XML-processor toy. Or: "RFC"

[1/3] from: christian::ensel::gmx::de at: 18-Nov-2000 1:01

Hello list, looking thru the hundreds of read and unread posts to this list, XML and REBOL's inbuild XML 'support' is mentioned at least every some days. Someone - wasn't it Andrew? - wanted to convert XML's DTDs to REBOL's parse rules. I must have overseen the :) which followed this idea ... Okay. Instead of preparing for an exam, I played with XML and read about it on w3.org. The grammar specified there inspired me to convert it to a parse dialect, which isn't that hard as I first thought.
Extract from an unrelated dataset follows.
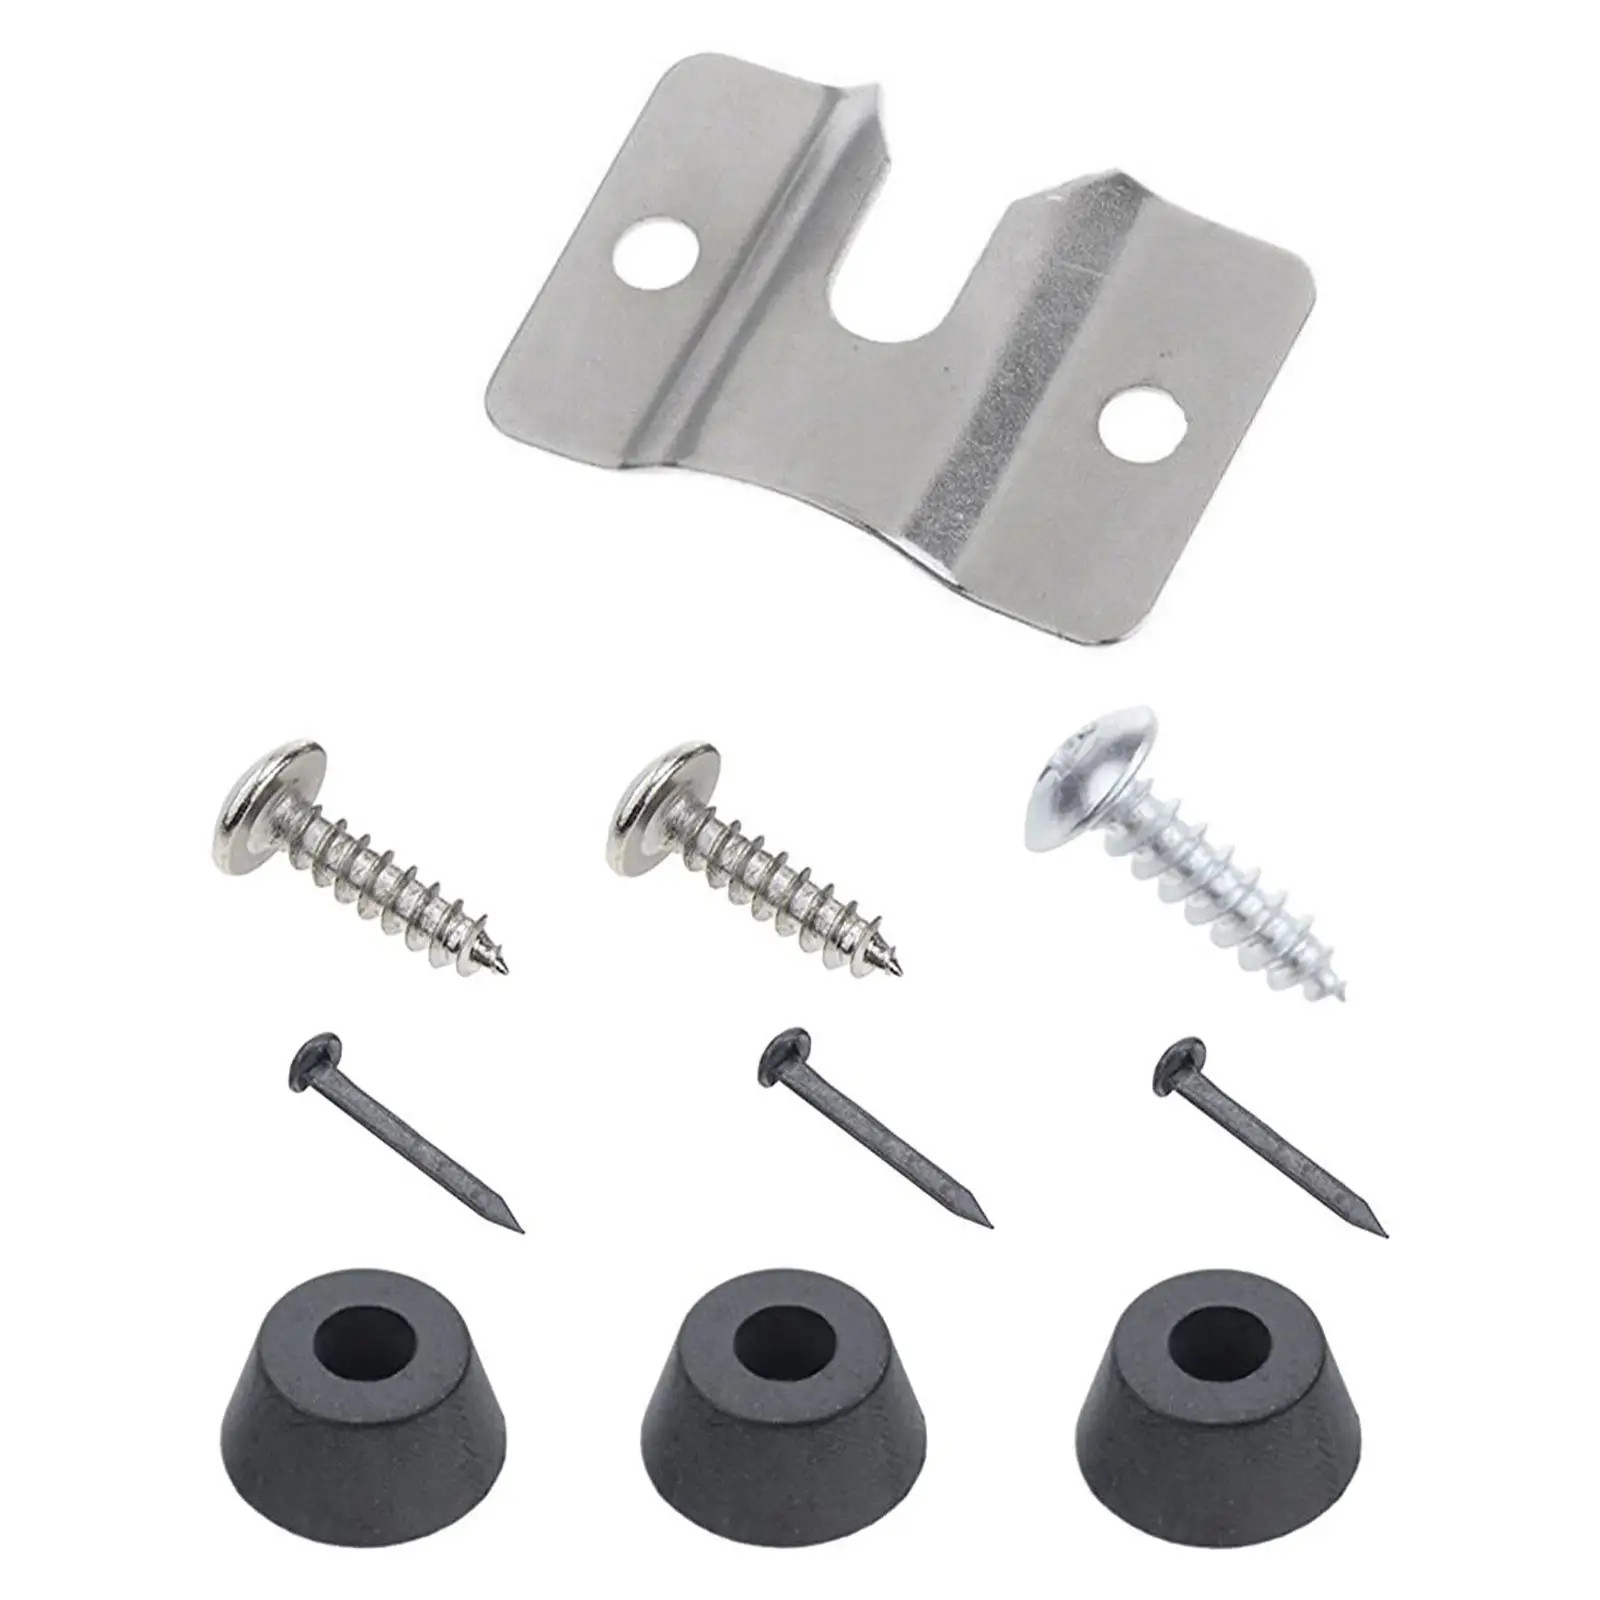  Board Hanging Kit, Wall Mounting Bracket Stainless Steel Sturdy with 3Pcs Small Fine Nails  Boards Holder for  Replacement

In it's current state it's far from being complete - but it does some cute little things which give a hint to what it can do some day in far future.

>> xml-data: {<?xml version="1.0" standalone="yes"?>

<!DOCTYPE test [ <!ENTITY ME "Christian Ensel"> <!ELEMENT che:money ANY> <!ATTLIST che:money che:currency CDATA "USD" che:amount CDATA #REQUIRED

]> <space:name> This is some text typed by &ME;. <che:money xmlns:che = "http://www.foo.bar" che:amount = "0.02" che:currency = "USD"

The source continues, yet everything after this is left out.